Key takeway: Most kids quit sports by 13, often due to burnout — but parents rarely see it coming because burnout looks like gradual withdrawal, not a dramatic breakdown. It's defined by exhaustion, loss of accomplishment, and growing resentment toward a once-loved sport. The fix isn't a new training plan — it's connection.
Ask how your kid feels, not how they performed, resist the urge to immediately problem-solve, and get professional help if they're withdrawing from life broadly. Your athlete needs to feel seen as a person first.
Picture this: the kid who used to sleep in their jersey, who counted down the days until the next game, now drags their feet to the car on practice nights. They say they're fine. You tell yourself it's just a phase. But something feels different — and you can't quite name it.
That feeling you're having? Don't ignore it.
Research from the Changing the Game Project found that 70% of kids quit sports by age 13 — and burnout is one of the leading reasons why. But here's the part that doesn't get talked about enough: most parents don't see it coming. Not because they aren't paying attention — but because burnout in young athletes rarely looks the way we expect it to.

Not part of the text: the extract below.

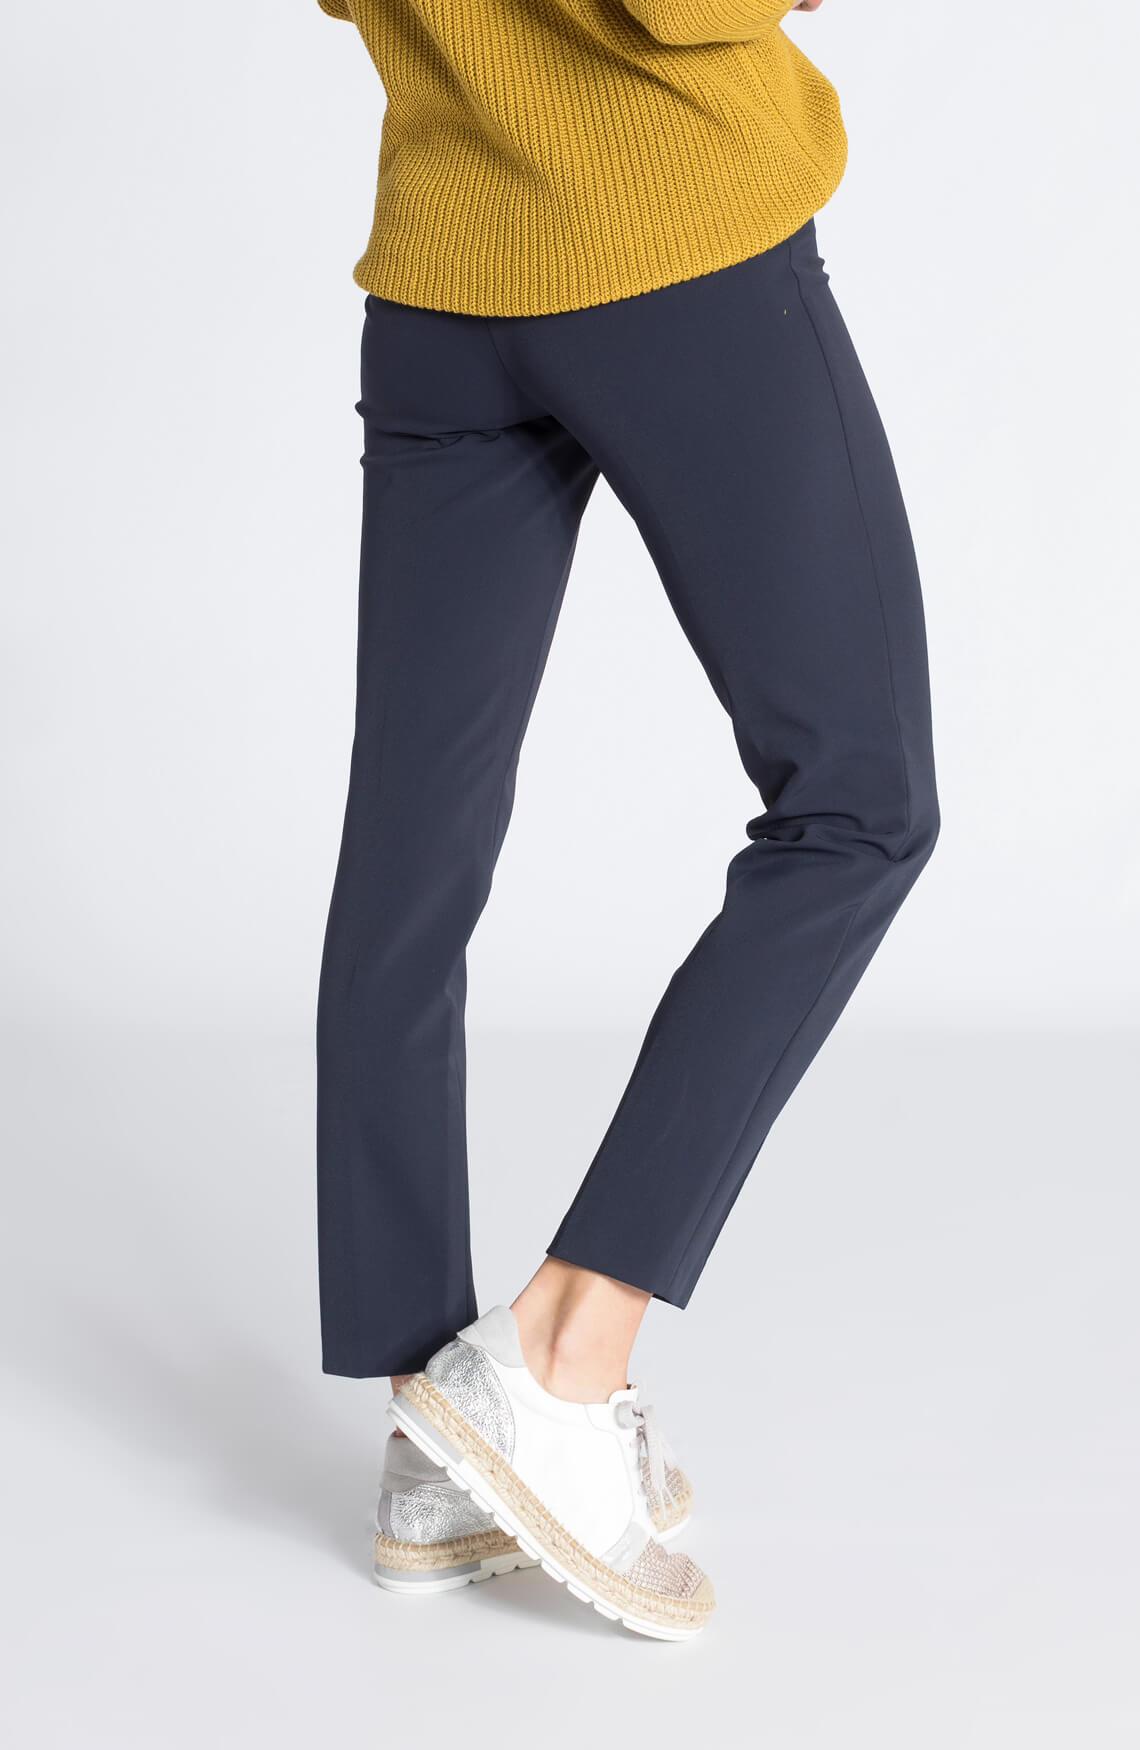 Cambio Dames Ros pantalon marine Blauw

It doesn't always look like a breakdown. It doesn't always sound like "I want to quit." According to Dr. Miriam Rowan, attending psychologist in the Sports Medicine Division at Boston Children's Hospital, "an athlete who is burned out loses interest in an activity that used to bring them joy" — and that loss of joy can quietly show up in a hundred small ways before a parent ever connects the dots.
This article isn't about blame. It's about giving your care somewhere useful to go — because awareness is where everything starts.
The sooner you can spot what's really going on, the sooner you can show up for your athlete in the way they actually need. Not as a coach. Not as a scorekeeper. As their parent. And there's nobody better for that job than you.
What Burnout Actually Is (And Isn't)
Before you can spot burnout, you need to know what you're actually looking for — because most parents are working off the wrong definition.
Burnout is not a bad week. It's not the post-tournament slump or the mid-season grumble about early morning practices. Every athlete hits those walls, and rest usually fixes them. Burnout is something deeper and longer-lasting than that.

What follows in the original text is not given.